• Task requirements:
Here is a block of records. Copy every line in it that includes "Bedroom".

---------- Data to process ----------

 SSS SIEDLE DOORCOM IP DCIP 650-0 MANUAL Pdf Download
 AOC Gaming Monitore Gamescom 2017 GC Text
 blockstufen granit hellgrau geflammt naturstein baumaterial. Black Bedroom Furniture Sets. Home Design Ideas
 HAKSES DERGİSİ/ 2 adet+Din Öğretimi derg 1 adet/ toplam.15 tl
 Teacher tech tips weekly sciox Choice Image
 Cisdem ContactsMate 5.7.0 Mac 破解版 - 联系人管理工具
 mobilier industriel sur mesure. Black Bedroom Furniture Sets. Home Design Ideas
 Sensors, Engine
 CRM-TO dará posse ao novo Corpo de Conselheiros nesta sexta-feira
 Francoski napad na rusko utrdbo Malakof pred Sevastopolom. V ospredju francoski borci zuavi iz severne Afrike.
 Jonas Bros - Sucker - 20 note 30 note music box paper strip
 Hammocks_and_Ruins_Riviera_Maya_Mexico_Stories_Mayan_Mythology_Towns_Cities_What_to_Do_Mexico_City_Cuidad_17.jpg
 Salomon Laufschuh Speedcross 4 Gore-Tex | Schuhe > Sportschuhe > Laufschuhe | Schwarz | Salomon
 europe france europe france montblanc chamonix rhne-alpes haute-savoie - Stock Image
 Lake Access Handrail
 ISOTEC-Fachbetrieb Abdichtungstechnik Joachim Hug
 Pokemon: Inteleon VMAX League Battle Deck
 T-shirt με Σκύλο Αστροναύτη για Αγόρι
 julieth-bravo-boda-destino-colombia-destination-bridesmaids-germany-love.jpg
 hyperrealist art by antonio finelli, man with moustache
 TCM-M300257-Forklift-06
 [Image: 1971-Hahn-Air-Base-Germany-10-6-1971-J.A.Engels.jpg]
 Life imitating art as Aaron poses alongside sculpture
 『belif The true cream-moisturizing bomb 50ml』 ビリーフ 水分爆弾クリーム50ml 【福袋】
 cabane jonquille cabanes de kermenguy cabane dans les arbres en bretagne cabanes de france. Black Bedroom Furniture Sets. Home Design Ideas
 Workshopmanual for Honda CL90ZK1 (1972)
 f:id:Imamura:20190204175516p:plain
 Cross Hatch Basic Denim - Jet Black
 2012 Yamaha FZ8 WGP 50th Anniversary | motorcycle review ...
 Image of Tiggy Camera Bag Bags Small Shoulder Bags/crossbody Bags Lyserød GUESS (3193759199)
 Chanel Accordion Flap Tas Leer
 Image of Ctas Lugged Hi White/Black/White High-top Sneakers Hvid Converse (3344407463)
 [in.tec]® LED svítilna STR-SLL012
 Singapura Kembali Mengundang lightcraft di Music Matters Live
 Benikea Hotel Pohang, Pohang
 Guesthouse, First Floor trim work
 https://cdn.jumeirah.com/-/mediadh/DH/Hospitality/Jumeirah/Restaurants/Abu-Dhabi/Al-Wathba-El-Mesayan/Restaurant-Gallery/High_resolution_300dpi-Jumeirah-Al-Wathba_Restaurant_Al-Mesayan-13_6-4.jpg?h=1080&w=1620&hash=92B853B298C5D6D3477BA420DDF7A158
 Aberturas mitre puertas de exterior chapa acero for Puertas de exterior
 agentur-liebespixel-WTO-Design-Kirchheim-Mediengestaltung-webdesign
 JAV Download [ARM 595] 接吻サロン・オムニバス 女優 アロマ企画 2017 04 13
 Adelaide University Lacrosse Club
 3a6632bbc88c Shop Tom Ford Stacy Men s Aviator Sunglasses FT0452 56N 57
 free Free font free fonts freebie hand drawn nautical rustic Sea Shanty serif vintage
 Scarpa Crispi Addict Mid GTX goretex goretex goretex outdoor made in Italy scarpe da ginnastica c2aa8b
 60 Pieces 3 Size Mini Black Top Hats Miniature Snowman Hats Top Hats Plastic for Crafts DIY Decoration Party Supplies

----------

• Solution for this task:
 blockstufen granit hellgrau geflammt naturstein baumaterial. Black Bedroom Furniture Sets. Home Design Ideas
 mobilier industriel sur mesure. Black Bedroom Furniture Sets. Home Design Ideas
 cabane jonquille cabanes de kermenguy cabane dans les arbres en bretagne cabanes de france. Black Bedroom Furniture Sets. Home Design Ideas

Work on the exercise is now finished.